Then in line 17 you change the name stored in the dog instance to "nancy". Note that nancy has the same length as Rover, and so in line 18 when the HashMap goes to look up the dog, it finds an instance in the correct bin. This is the same instance dog that you created in line 8 and whose name you changed in line 17, so when HashMap calls its equals method it compares the value of the names - which will return true because you are using the same instance (the instance you put into the Map as a key to "Rover value" no longer has a name of Rover, it has a name of nancy.) That is why you get the value back in the second case.

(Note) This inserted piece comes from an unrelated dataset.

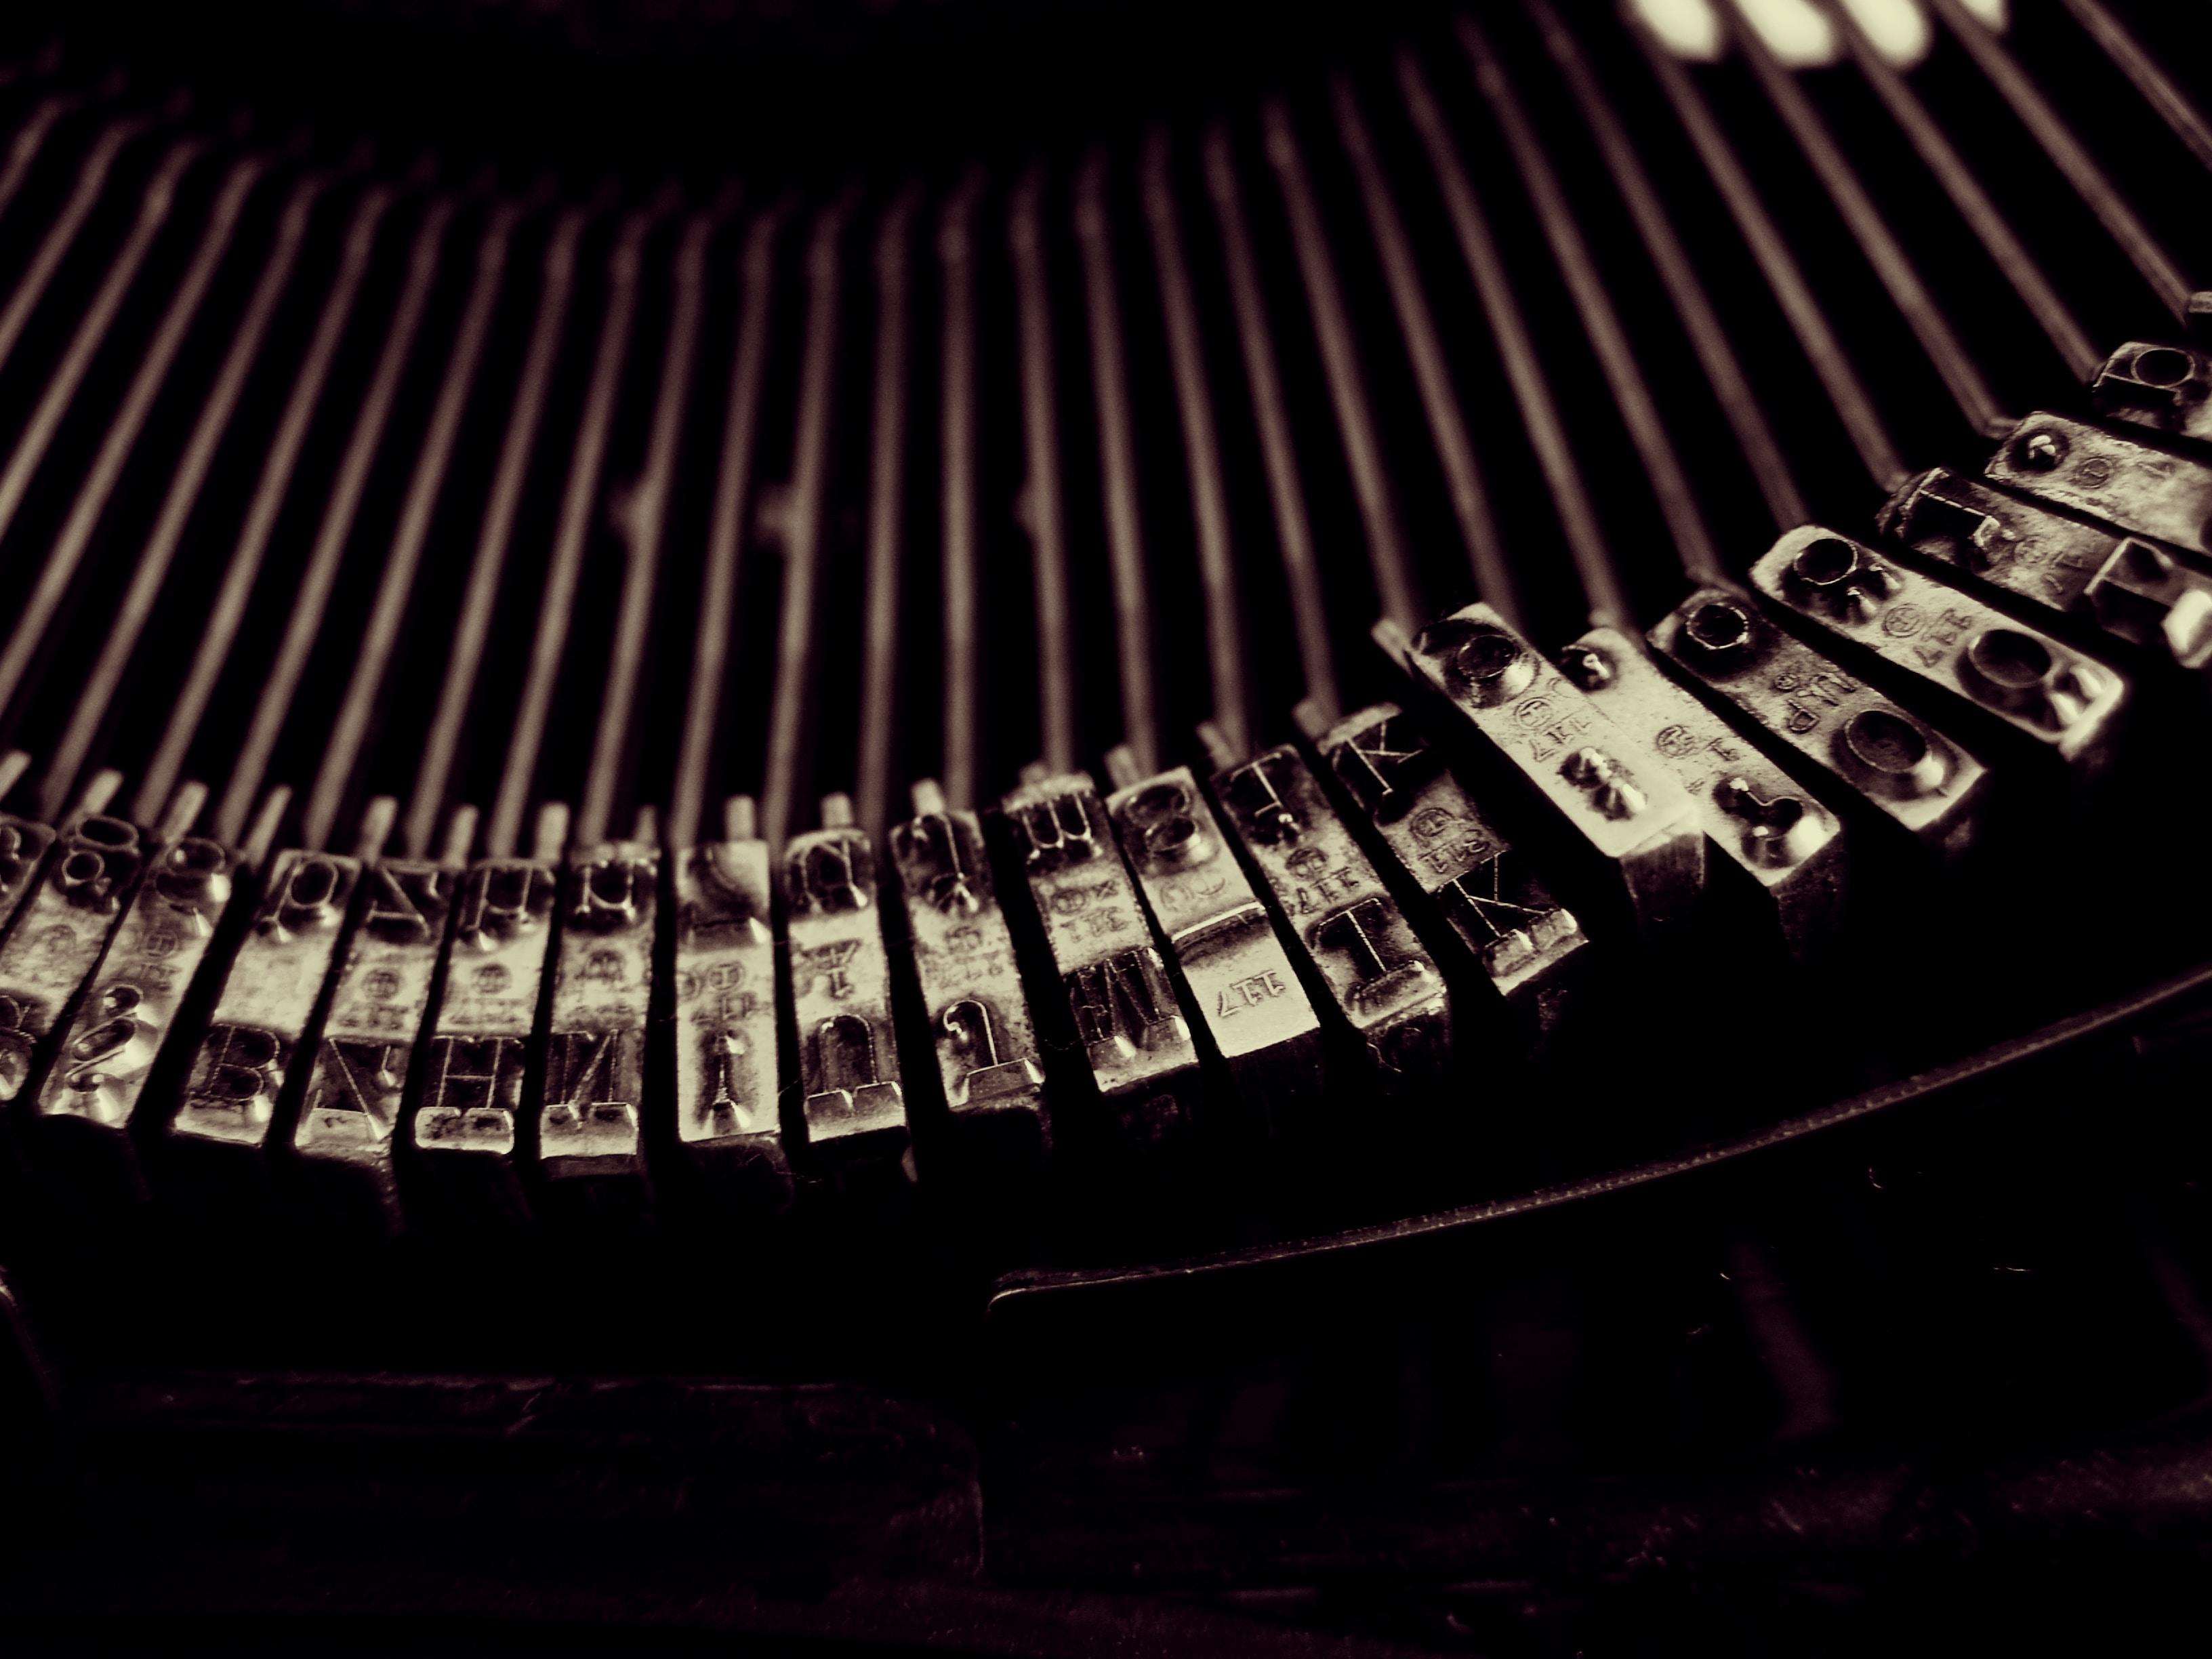 Close-up of typebars in a typewriter

Now in the third case, on line 19 you create a new dog instance and give it a name "Rover". This new instance will look into the correct bin, because it has the correct name length, but since the original instance doesn't have the name "Rover" any more (it has "nancy") the equals comparison will be false and you won't get a value returned.

Rule number one for an Object that will be used as a key in a map is to have good hashCode() and equals() implementations. Rule number two is to make it immutable - meaning the values it stores can't be changed. The fields must be private, assigned in the constructor, and only accessible via get() methods (not set() methods). Look up immutable objects for more info on how to do it right.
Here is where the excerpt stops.